WORK ORDER: From the data below, copy exactly the lines that lie between the one holding "Kitchen, Nook, Pantry" and the one holding "Goodin Czarne Mokasyny", including both, and nothing more.

PROVIDED MATERIAL:

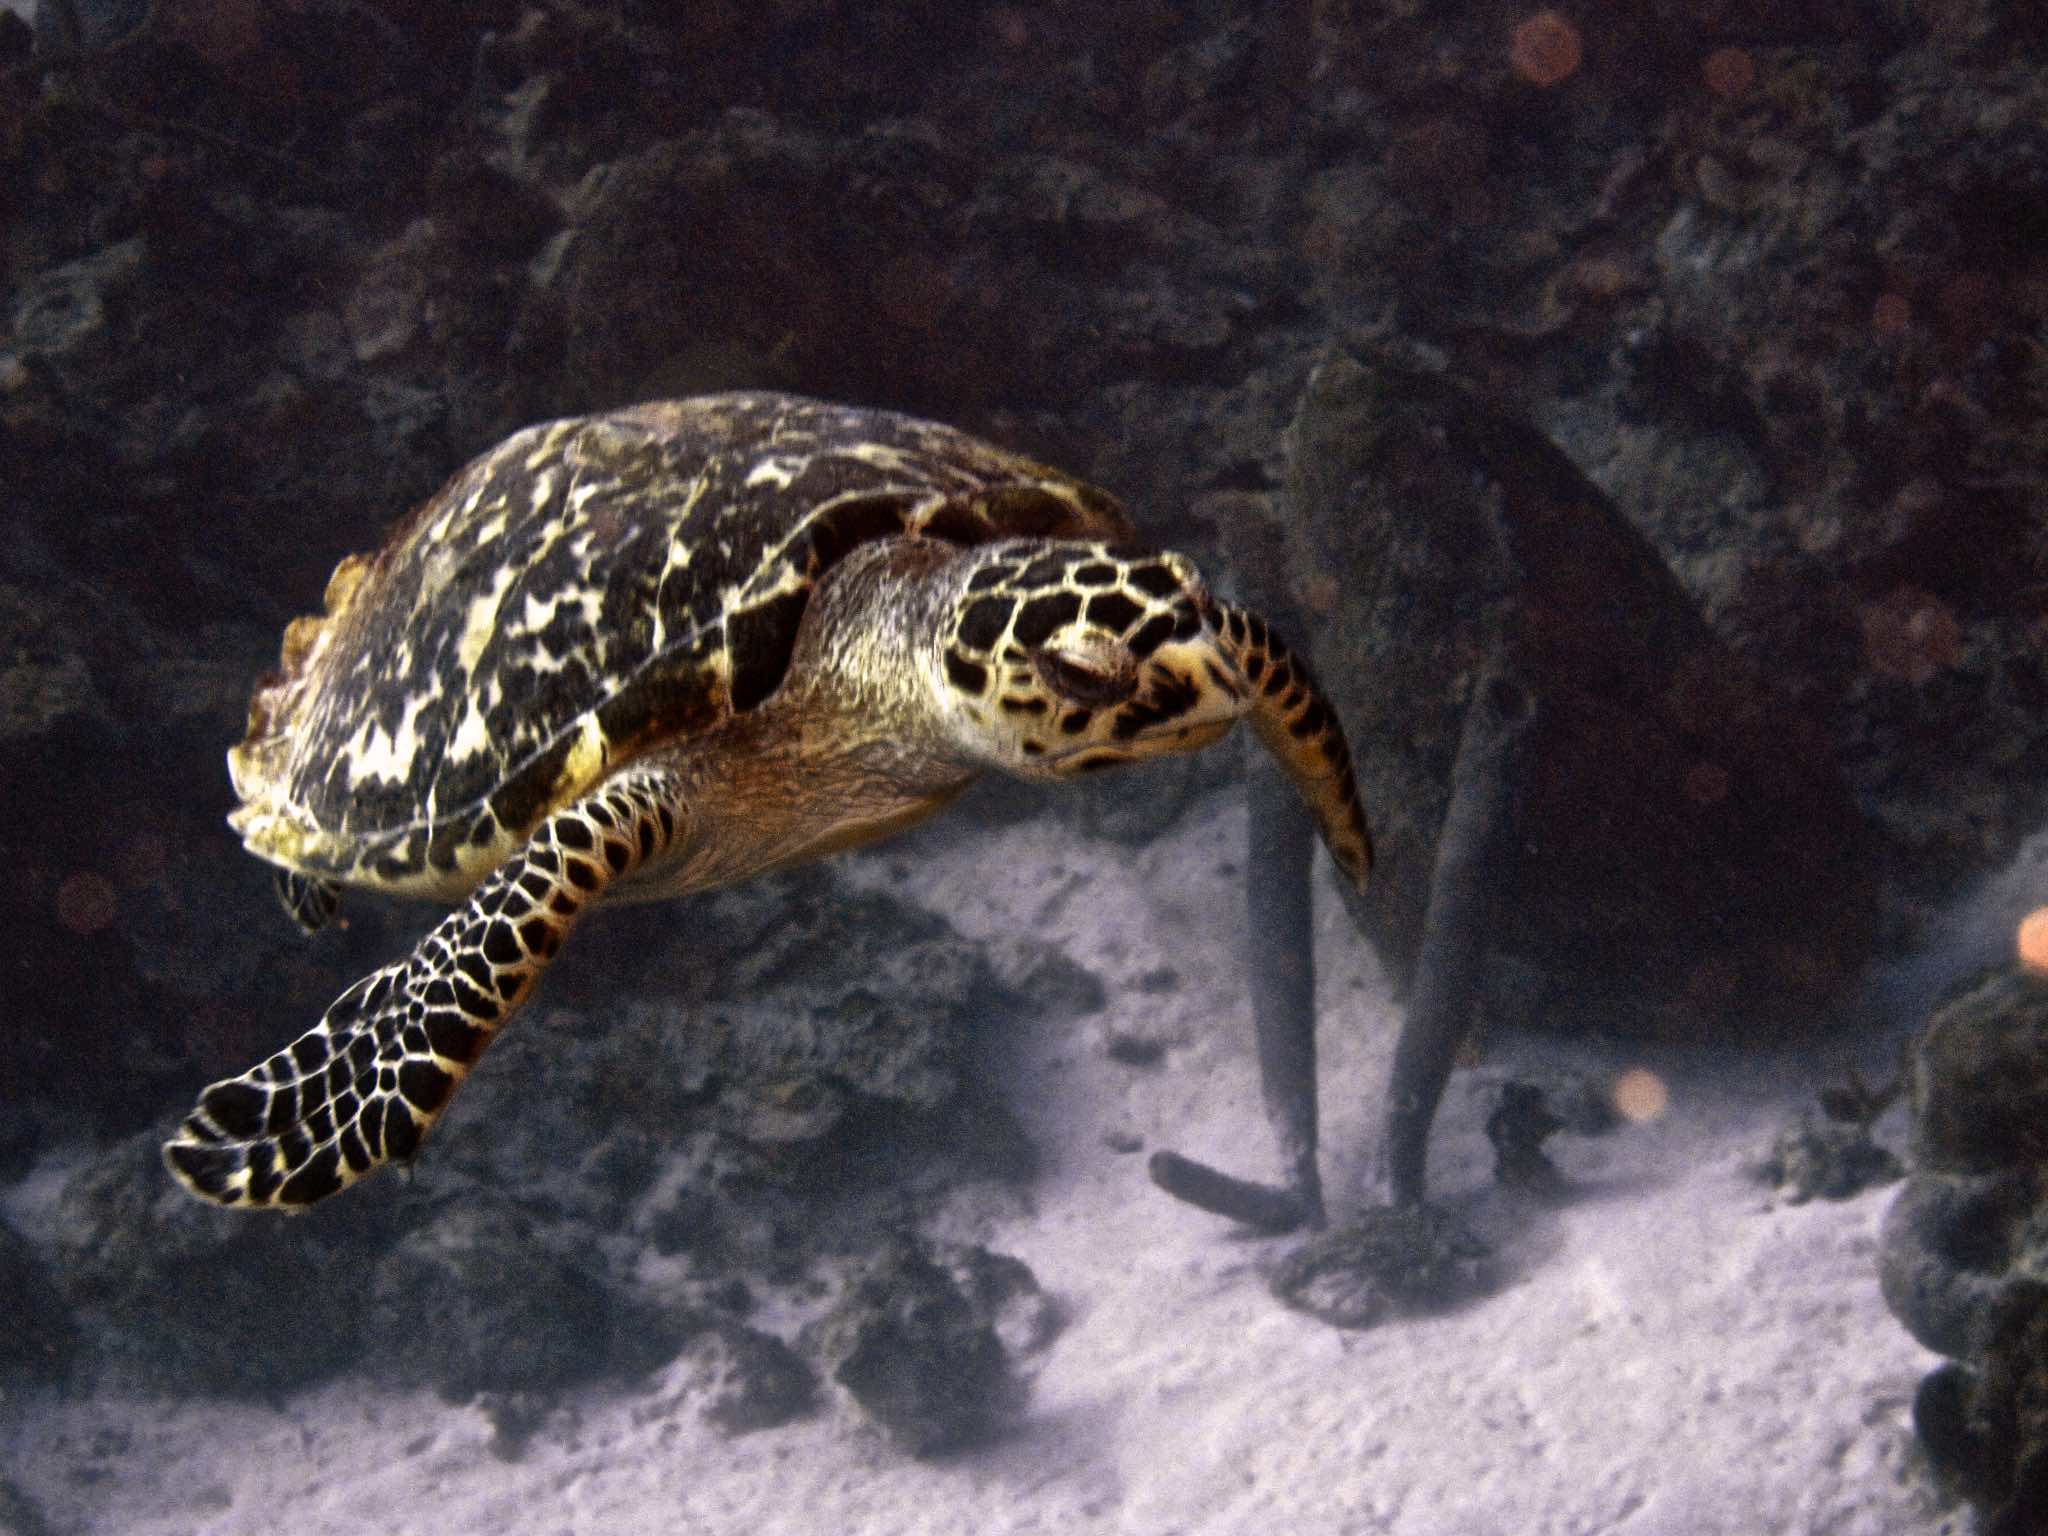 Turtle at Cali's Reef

==

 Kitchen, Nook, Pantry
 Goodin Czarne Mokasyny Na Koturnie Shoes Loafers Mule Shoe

TASK RESPONSE:
 Kitchen, Nook, Pantry
 Goodin Czarne Mokasyny Na Koturnie Shoes Loafers Mule Shoe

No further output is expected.